Review: All Against All (2019)

All Against All (2019)

Directed by: Luuk Bouwman | 104 minutes | documentary

Wasn’t fascism in the Netherlands a German invasion that started in May 1940 and ended in May 1945? A comforting thought: good people dominated by evil people, and then liberated by other good people. A war psychosis from which you can awaken. Anyone who sees the first images of the documentary ‘All against all’ would say the opposite: am I sitting here watching a mass gathering in Nuremberg? No, it’s Lunteren.

“This is not fiction”, Luuk Bouwman tells the viewer. Smart too, says the documentary maker Polish guest workers who reside in a holiday park next to the fascist monument in Lunteren (the ‘Mussert Wall’). “Would the Dutch be okay with us occupying an entire park?” says one of the Polish youths while rolling a cigarette.

Bouwman’s apparent aim is to show what moved the fascists who paved the way for the Nazis (including the NSB), and to establish a link with the present. Subtly, that is – see the intriguing example of the Poles, but a message such as ‘The Netherlands for the Dutch’ cannot seem strange to followers of The Hague’s politics in 2020, not even the younger ones.

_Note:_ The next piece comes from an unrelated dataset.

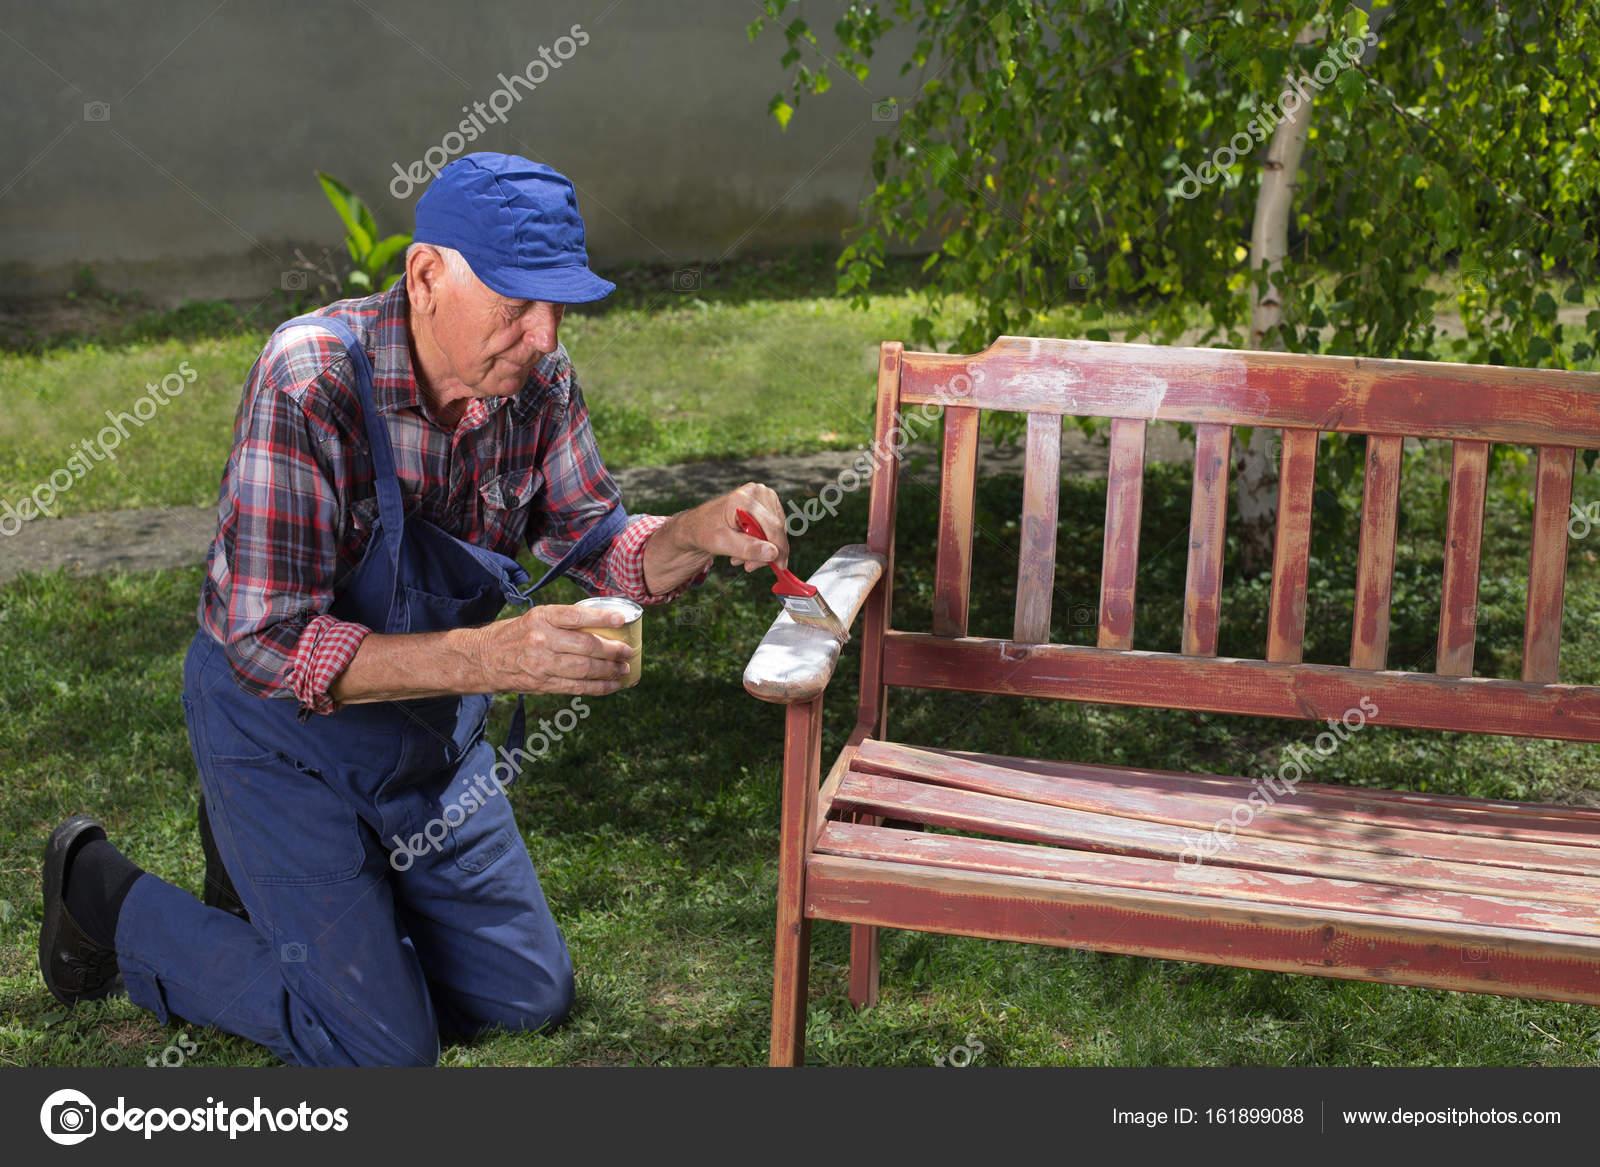 Peachy Old Man Painting Bench In Garden Stock Photo C Budabar Machost Co Dining Chair Design Ideas Machostcouk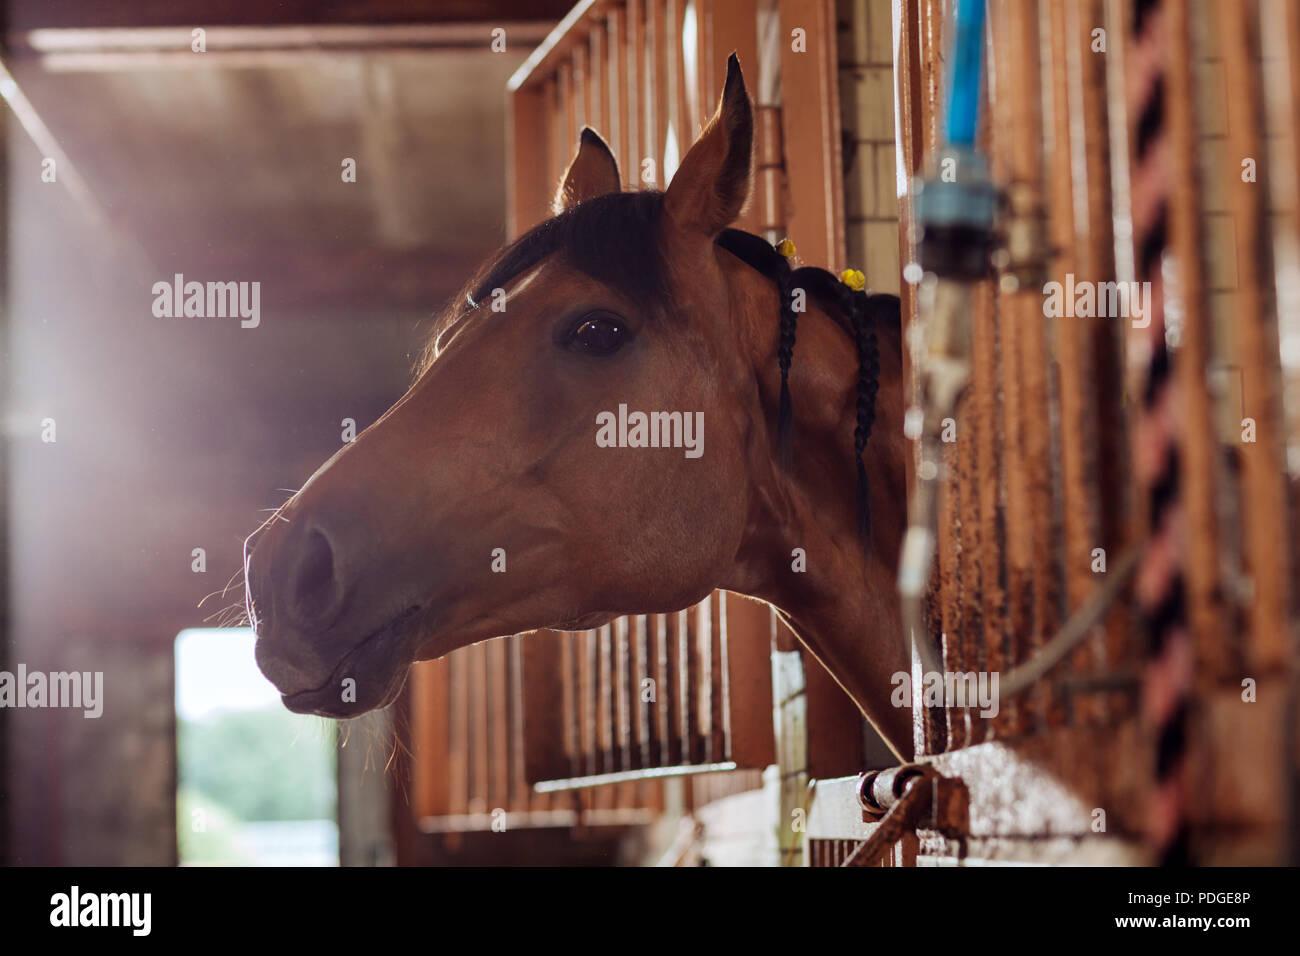 Beautiful brown racing horse standing in big spacious stable - Stock Image

The documentary looks like a thoroughly made teaching product for secondary schools; a somewhat long-winded film for seniors – food for discussion afterwards, led by a history or social studies teacher. Afterwards everyone says to each other: “I did not know that there were also Dutch people who adhered to fascism, hopefully this will never happen again.”

Well, almost everyone: there is probably also a silent minority in today’s school classes, who can easily become a silent majority under pressure. Just like then. ‘The rancorous poison’ has the characteristics of a virus, this aptly titled documentary teaches.